To make sure your kelp meal has the largest possible impact on your plant, you want to deliver its nutrients and beneficial compounds directly to the root zone. To do this, first make a rehydrated kelp paste: Add about 2 parts of chlorine-free water to 1 part of dry kelp meal. Once the kelp has sucked up the water, you can store this rehydrated kelp in an air-tight baggie in a cool spot in your refrigerator (you can put it in a blender or food processor to make it even easier to dissolve in water later, if desired). Use this rehydrated kelp at about 1-2 tablespoons to 1 gallon of water, shake vigorously, and then water into your soil. If you didn’t blend it up, there will be many flakes floating around in the water, but this is normal and not an issue—those flakes will just be a bit of slow-release nutrients and food for fungi.


Try watering with this kelp solution every other week, or anytime your plants seem like they need a nutrient boost.


Earthworm Castings (EWC)


Aerated compost tea made from earthworm castings serves as an inoculant of soil biology, including; bacteria, fungi, protozoa, and nematodes. Not only does this establish the soil food web, but it also adds the full spectrum of macro and micro nutrients plants need to the soil, as the nutrients in the organic compost portion of EWC have already been digested by bacteria in the gut of the worms, and are now present in a form that plants can absorb.
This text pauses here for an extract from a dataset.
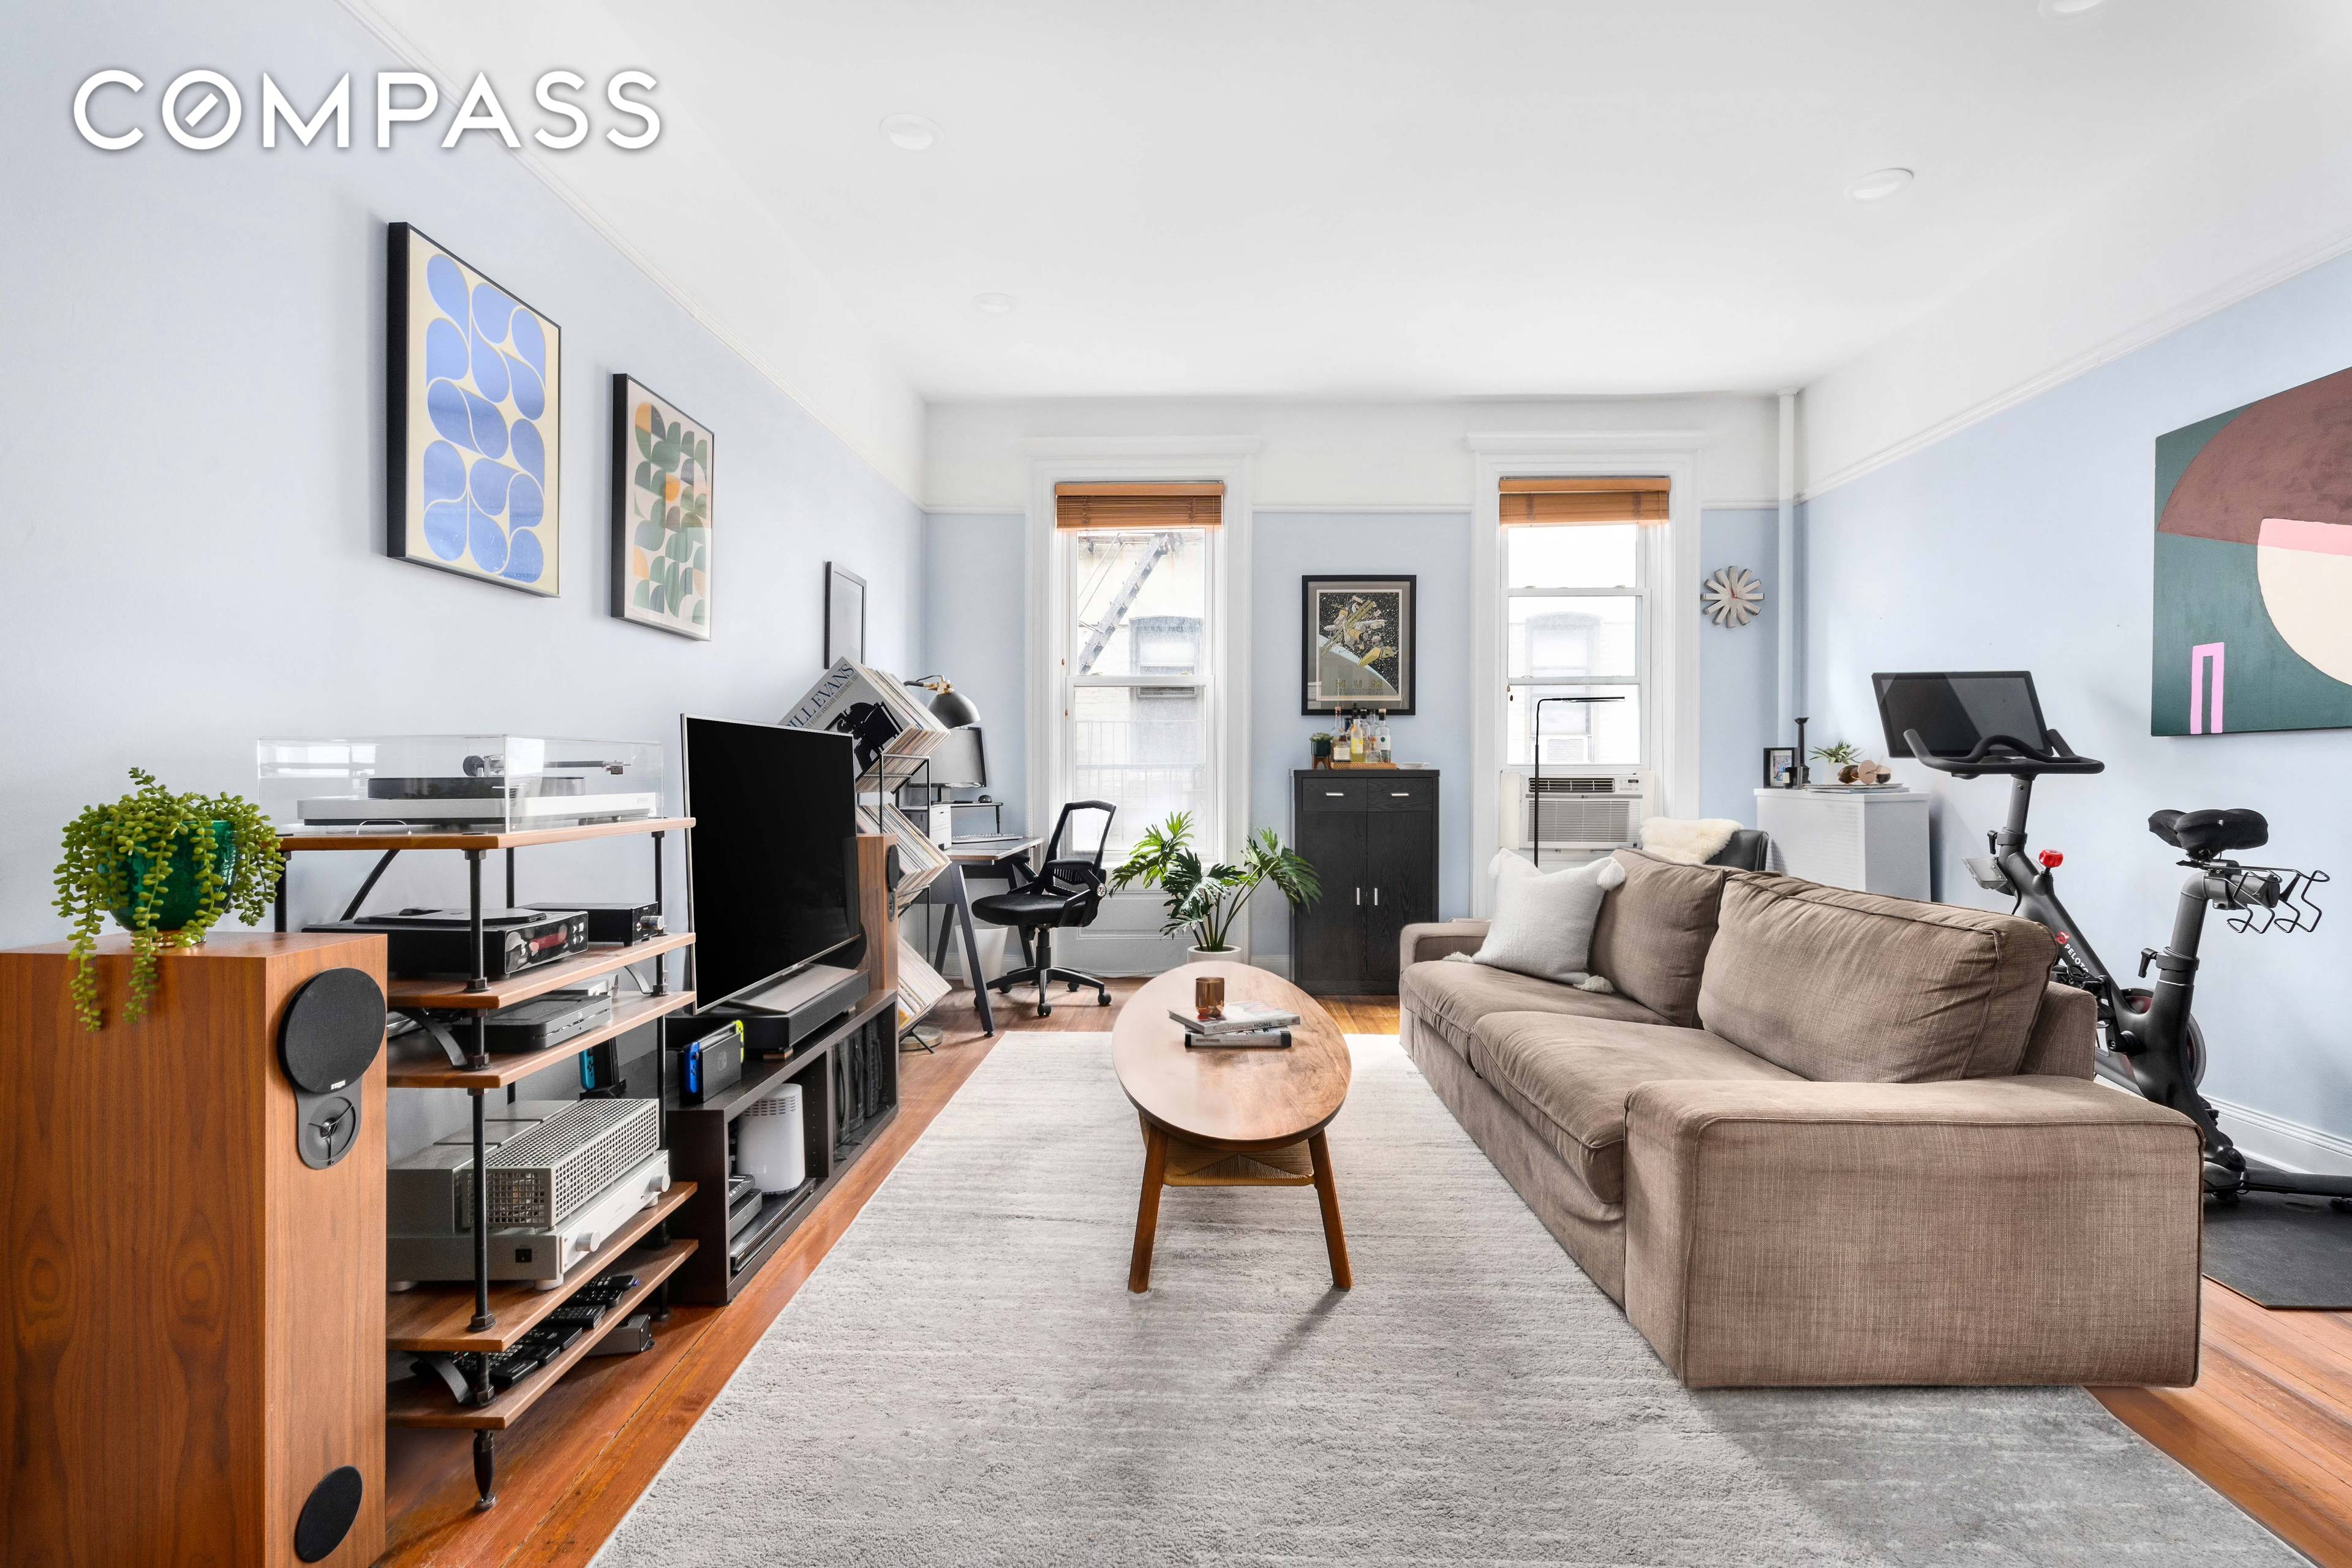 Situated on one of Park Slope s most idyllic blocks with extra wide sidewalks and lush trees, this charming one bedroom home is filled with lovely pre war details including ...

Please see here for instructions on making aerated compost tea from earthworm castings. If you don’t have the resources to make a proper tea, you can receive some of the benefits by making a slurry, instead. Simply add 10-20% EWC to chlorine-free water, shake vigorously to detach as many bacteria from the particles as possible, and water this mixture into the soil (including the solids). To give you an idea how much force is required to detach bacteria, think of how hard you/your dentist must brush/scrape to remove plaque from teeth.


Maintaining the Soil Food Web


If something goes wrong with an established living soil, it is beneficial to return to the “establishing” practices above. However, a robust and healthy soil food web, once established, generally requires little maintenance. Keep the soil moist (neither constantly soaked nor bone dry) and replace the barley mulch after every harvest. Harvest is the only time you’re removing material from the ecosystem you’ve set up, and so an equal amount of material must be added back to the system to maintain balance. Using all non-harvested parts of your plant as mulch is another way to add nutrients back to the soil, as well as planting cover crops such as barley and clover, whenever your soil isn’t being used, which will keep the soil food web thriving, and can be chopped down and turned into mulch when you start your next grow. You can also lay down a thin layer of fresh, nutrient-rich compost before each new crop is planted, laying fresh mulch down on top of it. Every few years, you should also remineralize your soil with a sprinkling of rock dust.